There was only one capital-H, capital-R Home Run in Jim Thome’s career. (Getty Images)
There was only one capital-H, capital-R Home Run in Jim Thome’s career. (Getty Images)

This is what he did: He punished baseballs with such ferocity that 20 years later the memory remained singed into a pitcher’s mind. He robbed their self-esteem and purloined their sense of humor. And he did it with an aw-shucks approach, an earnestness that was so real it was almost infuriating.

Thome stood 6-foot-4, loped around with a goofy grin plastered to his face and spoke as if his words were made of molasses and just wanted to take their sweet old time pouring out of his mouth.
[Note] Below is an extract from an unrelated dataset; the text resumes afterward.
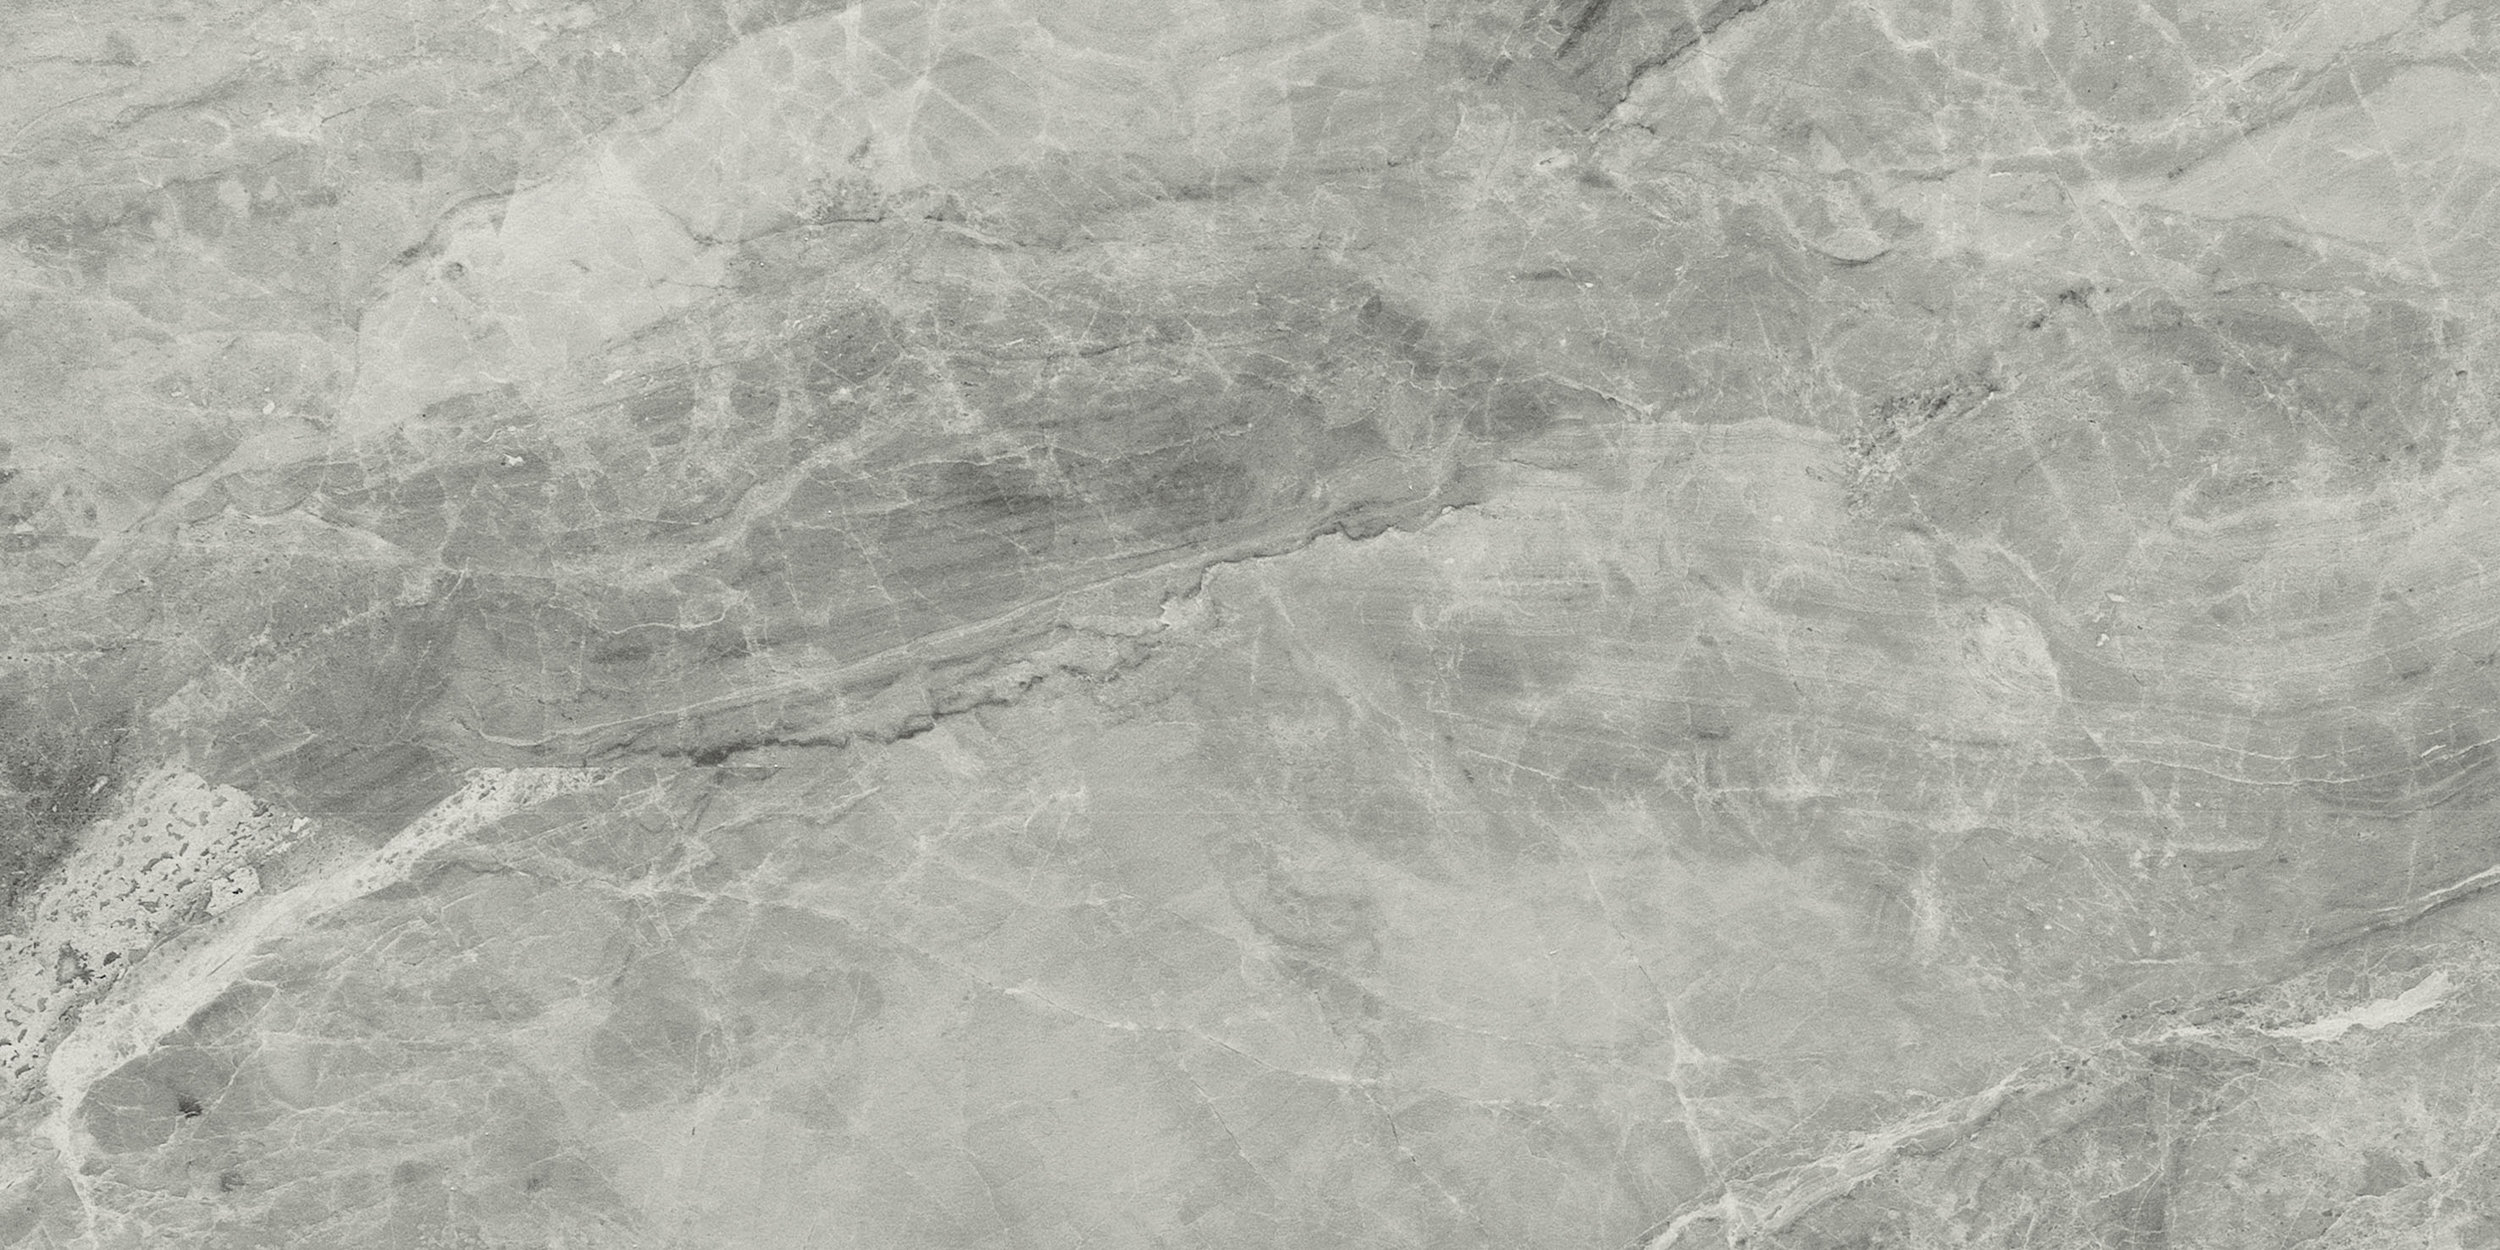 OROBICO GREY   SIZES AVAILABLE:  20x120, 20x160, 30x60, 60x60, 60x120, 80x80, 80x160, 120x120, 120x260, 160x320

A proud and unabashed country boy, a lumberjack in a baseball uniform, Thome looked and sounded like someone from the past, which made the truth about him such a fascinating contradiction: He foretold baseball’s future.

More than one-third of plate appearances today end in a home run, walk or strikeout, the highest ratio in the game’s history. Long before baseball turned into a playground for the so-called Three True Outcomes, Thome was making a career out of them. Only Reggie Jackson struck out more times than Thome’s 2,548. He walked in 1,747 plate appearances, more than anyone but Barry Bonds, Rickey Henderson, Babe Ruth, Ted Williams, Joe Morgan and Carl Yastrzemski. The seven who hit more home runs than his 612 are equally impressive: Bonds, Henry Aaron, Ruth, Alex Rodriguez, Willie Mays, Albert Pujols and Ken Griffey Jr.

Altogether, Thome’s 4,907 homers, walks and strikeouts comprise 47.58 percent of his plate appearances. The appreciation for his skills never materialized in MVP voting (Thome’s best finish was fourth) or All-Star Game appearances (just five). Even though the strikeouts were the collateral damage of an approach that allowed Thome to draw copious walks and shame pitchers with tape-measure homers, the stain of them was palpable during his prime. Strikeouts for hitters were bad.

They still are, of course, and yet now the game appreciates that a strikeout machine can be a legitimate MVP candidate or a perennial All-Star. It also has evolved to deal with those who aspire to be like Thome, left-handed power hitters predisposed to pulling the ball. If Thome were playing today, with an extreme shift greeting him before every plate appearance, perhaps the trajectory of his career would have changed.

Instead, the full breadth of Thome was on display, and it was a magnificent tableau of brute strength. He arrived in Cleveland just after his 21st birthday, a skinny third baseman with the ability to leverage a herculean swing. His body filled out, he moved across the diamond, but Thome never really changed, his eye keen, his propensity to loose balls to all fields palpable, his insouciance defining.

Kids all around Cleveland wore their socks high because Thome did. When he left for Philadelphia, he was the last vestige of those incredible 1990s Indians, the most talented group never to win a World Series. Him and Manny Ramirez and Albert Belle and Kenny Lofton and Carlos Baerga – there was an unmatched dynamism to those teams, a sense that they, too, were the archetypal homegrown core that so many others in the next two decades would try to emulate.

Thome made his mark in Philadelphia, continued crushing in Chicago, had a renaissance in Minnesota and through his 42nd birthday remained productive, ever capable of taking a walk and mashing a tater. He retired before the hallmarks of his game led to something of an existential crisis in the sport, where the powers that be wonder if there are too many strikeouts, too few balls in play, too languid a pace to capture the casual fan. It’s a reasonable concern. Plummeting attendance may not be entirely attributable to it, but denying it’s a part of the problem would be foolish.

The future that Jim Thome’s success prophesied is now the present, and that Thome emerges from it still sparkling speaks to his wonder. For the all-around splendor of Chipper Jones, the fast-twitch mastery of Vladimir Guerrero and the dead-bird changeup of Trevor Hoffman – his Hall classmates – Jim Thome’s greatest feat was imbuing a sense of enormity into all he did.

He smiled big. He laughed big. He swung big. He missed big. And when he hit big, as Don Wengert and plenty of his ilk can attest, the ball flew so big it would make you want to capitalize the letters in Home Run.